Das klingt fast gotteslästerlich – ist aber biblisch. Und es ist ehrlich. Es bedeutet nicht, dass Gott das Böse liebt, sondern dass er größer ist als unser Gut-Böse-Dualismus. Vielleicht braucht es diese Provokation, um uns zu einem höherwertigen Gottesbild zu führen: zu einem Gott, der nicht unseren Erwartungen dient, sondern wirklich Gott ist.

Dieser Gott muss sich nicht rechtfertigen. Nicht, weil er hart oder fern wäre – sondern weil er jenseits unserer Maßstäbe steht. Und vielleicht liegt gerade in dieser Zumutung eine tiefere Form von Trost: Dass wir nicht mehr glauben müssen, dass alles gut wird. Sondern dass wir gehalten sind, selbst wenn nichts gut wird.

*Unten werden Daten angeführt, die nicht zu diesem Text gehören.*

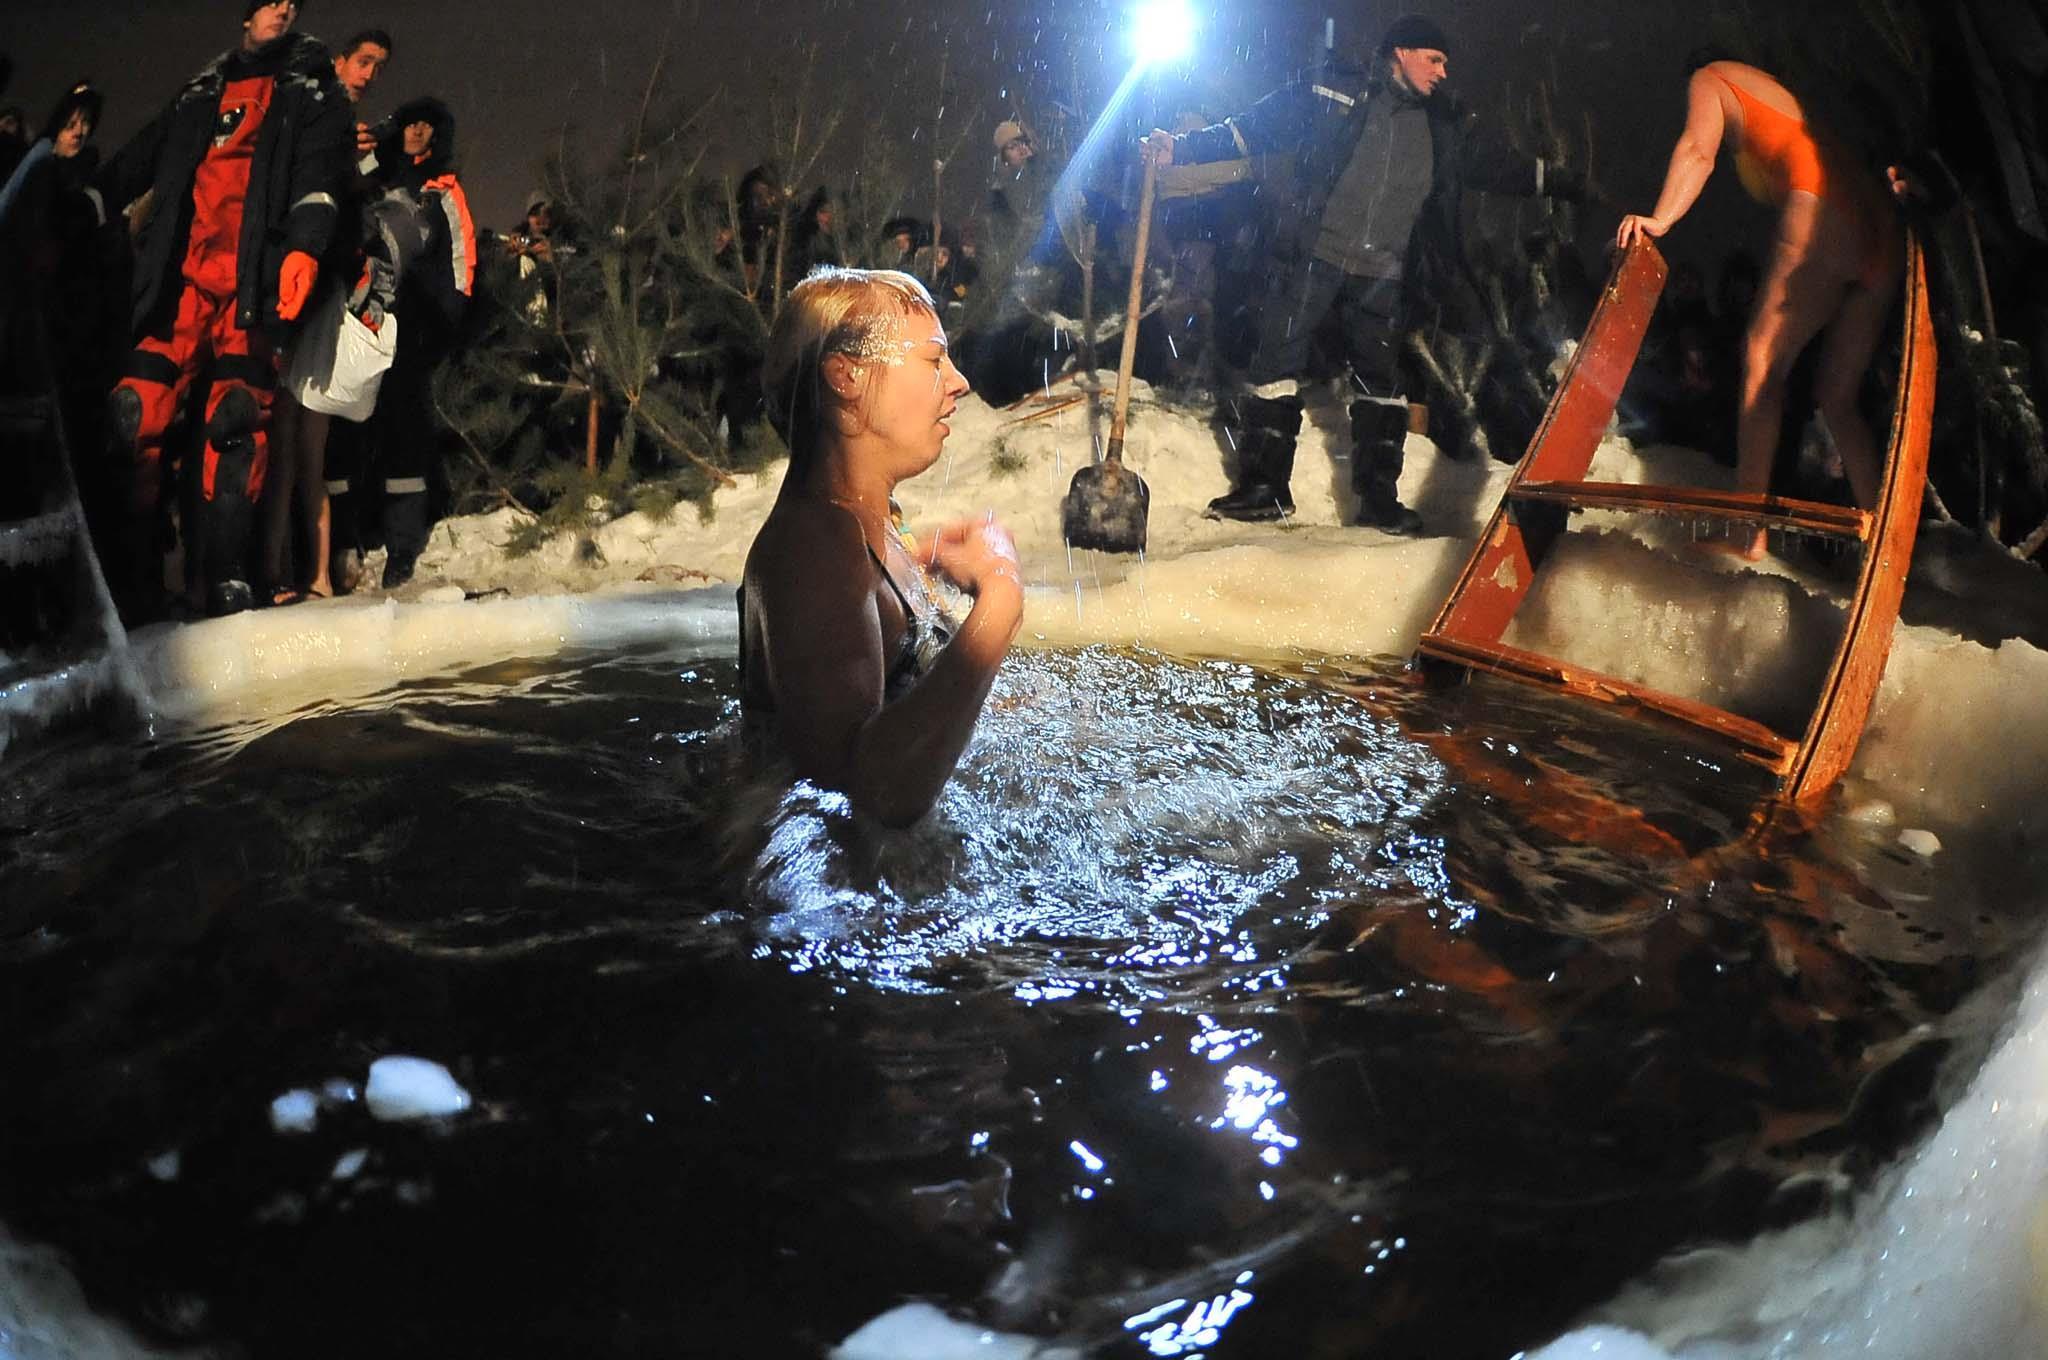 Опубликована программа крещенских купаний в Тольятти

Ein solcher Glaube führt nicht in den Atheismus. Er geht hindurch durch Zweifel, Klage, Anklage – und kommt auf der anderen Seite zu einer spirituellen Tiefe, in der Gott nicht mehr „nützlich“, aber wirklich ist.

Vielleicht ist der verborgene Gott am Ende auch ein Schutz: vor einem Gott, der uns ständig kontrolliert. Vielleicht lässt sich der Skandal des Leids nicht lösen, weil Gott nicht unser Erklärungsmodell sein will – sondern unser Gegenüber. Das ist nicht weniger herausfordernd – aber es bewahrt die Würde beider Seiten: der Menschen und Gottes.

Fazit: Theodizee als offene Wunde und als Ort des Glaubens

Wer Leid erfährt, braucht keine philosophische Abhandlung. Aber auch keine billigen Trostpflaster. Der Glaube besteht darin, inmitten des Unfassbaren nicht zu verstummen. Vielleicht ist das die einzige ernstzunehmende Theodizee: keine Antwort, sondern eine Beziehung, in der selbst das Anklagen noch Ausdruck von Vertrauen ist.

"Gott, du bist mir unbegreiflich – und doch bleibe ich bei dir."

Weiterführende Literatur

• Hans Jonas: Der Gottesbegriff nach Auschwitz

• Dorothee Sölle: Leiden

• Jürgen Moltmann: Der gekreuzigte Gott

• Martin Luther: De servo arbitrio und Predigten über Hiob

• Simone Weil: Schwerkraft und Gnade

• Elie Wiesel: Die Nacht


Gebet aus der Tiefe

Gott,

ich weiß nicht, wo du bist,

und ich weiß nicht, ob du mir noch nahe bist.

Doch ich schreie, weil ich nicht verstummen kann.

Ich klage, weil Schweigen dich verleugnen würde.

Ich halte an dir fest, selbst wenn du mich loslässt.

Du bist verborgen – und ich bin dir ausgeliefert.

Aber ich bin noch da.

Und ich hoffe, du auch.

Amen.


Diesen Text habe ich mit Hilfe von KI erstellt. Er enspricht meiner Meinung.